Genetic diversity and demographic history
Levels of genetic diversity were calculated in 10kb windows separately
for eastern and western monarchs. Genomic windows were classified into
autosomes, Z chromosome and neo-Z chromosome. Levels of genome-wide
genetic diversity of eastern and western monarchs were essentially
identical (Fig. 6A, S8, Tables 1, S6), with the genome-wide genetic
diversity landscape of eastern and western monarchs showing an almost
perfect correlation (Fig. S8). This provides further evidence for a lack
of genome-wide genetic differentiation. The Z chromosome had a lower
nucleotide diversity than the autosomes, and the neo-Z chromosome had an
intermediate nucleotide diversity, reflective of their effective
population sizes (Table 1). The
neo-Z chromosome was identified to be an ancestral autosome but fused to
the Z chromosome in the monarch butterfly
(Gu et al. , 2019). The dosage
compensation of the neo-Z chromosome segment looks more similar to the
autosomes than the ancestral Z chromosome
(Gu et al. , 2019). Consistent with
this finding, we found that the genetic diversity of the neo-Z
chromosome segment is higher than the ancestral Z-chromosome (Table 1).
In line with genetic diversity (θπ ), genome-wide
Tajima’s D was also highly similar in eastern and western monarchs
(Table 1; Fig. 4, 6B) suggesting that eastern and western monarchs have
a similar demographic history. The negative genome-wide Tajima’s D in
both eastern and western monarchs indicates a recent recovery from a
past bottleneck. We found a total of 128 common Tajima’s D outlier
windows between eastern (out of 223 windows) and western (out of 202
windows) monarchs (Table S7). We did not identify any common windows
between the Tajima’s D outliers and genetic differentiation outliers,
suggesting that the low genome-wide genetic differentiation is the
effect of consistent gene flow between these two groups rather than
random genetic drift.
We used ∂a∂i to scan the likelihoods of 15 models in total to find the
best demographic model to explain the 2D-SFS of eastern and western
monarchs (Fig. S9). A summary of the likelihood scores of the optimized
models is given in Table S8. An extended table with the best 5
iterations in each model and their optimized parameters is given in
Table S9. The model “bottlegrowth_split_mig” showed the highest
log-likelihood score and the lowest Akaike Information Criterion (AIC)
(Fig. 7, S9, Table S9). This model assumes a bottleneck before
divergence between the two populations, followed by an exponential
growth in population size with migration.
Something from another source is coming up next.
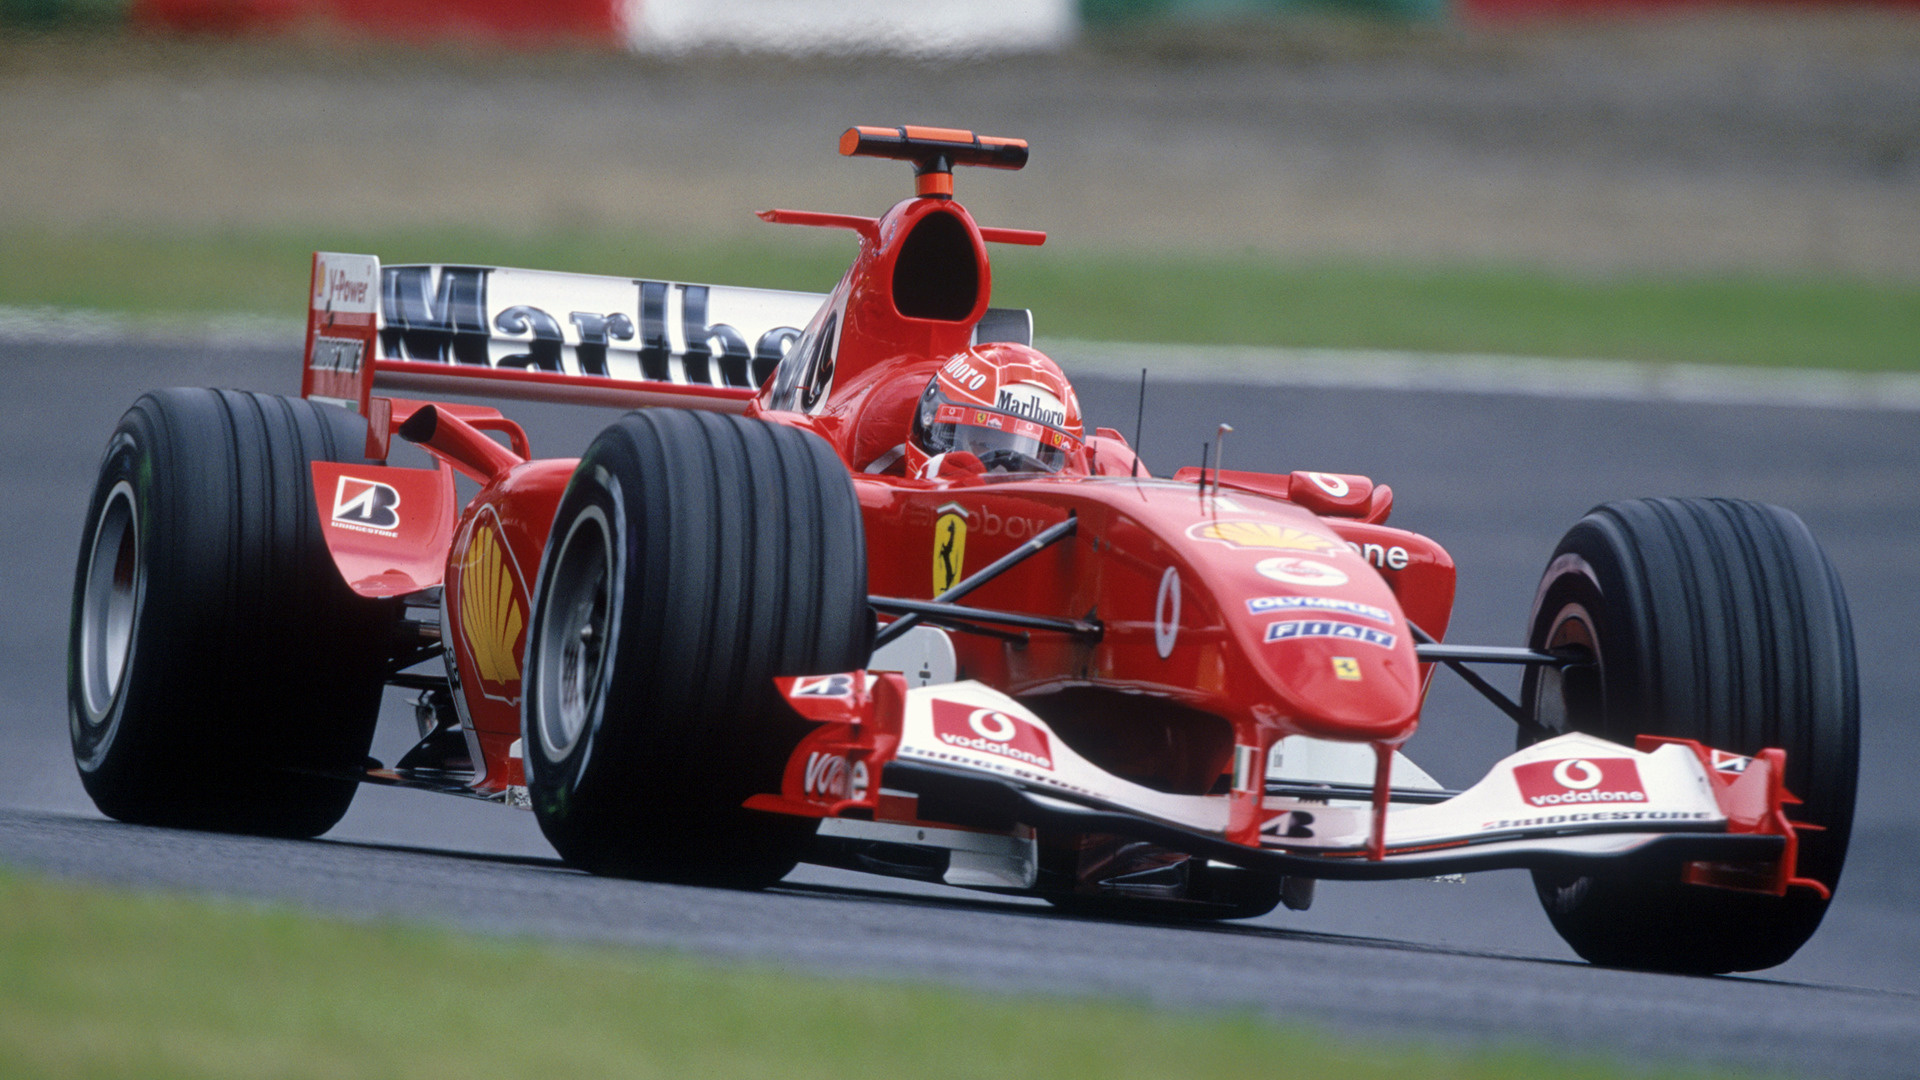 2004 Ferrari F2004 - Wallpapers and HD Images | Car Pixel

Top 5 iterations of
“bottlegrowth_split_mig” gave consistently higher likelihood scores
than all other models. Both “no divergence” and “no migration”
models had low likelihood scores in the optimization. Models with
bottleneck and exponential growth before the split showed the highest
likelihood scores, giving the weight to this scenario (Tables S8, S9).
The model “bottlegrowth” which considers a bottleneck followed by
exponential growth without a split into two populations had low
likelihood (Fig. S9, Tables S8, S9). We visually verified the most
likely model by plotting data and model outputs using the “Plot_2D”
function in ∂a∂i (Fig. S10). We used the parameters of the iteration
with the highest log-likelihood score for the model
“bottlegrowth_split_mig” to calculate effective population sizes,
migration rate and time of the bottleneck (Appendix 1 in Supplementary
Materials). According to these parameter estimates, eastern and western
monarchs experienced a bottleneck about 412 thousand years, underwent
exponential growth, then diverged about 112 thousand years ago with a
migration rate of 7.33*10-07 per generation (Fig. 7).
∂a∂I analysis also showed that eastern and western monarchs have similar
effective population sizes with a symmetric migration (Fig. 7, S9, Table
S6, Appendix 1). This finding was also confirmed by the Tajima’s D
values calculated across the genome in windows of 10kb. Tajima’s D was
similar for eastern and western monarchs (Fig. 4, 6B, Table 1).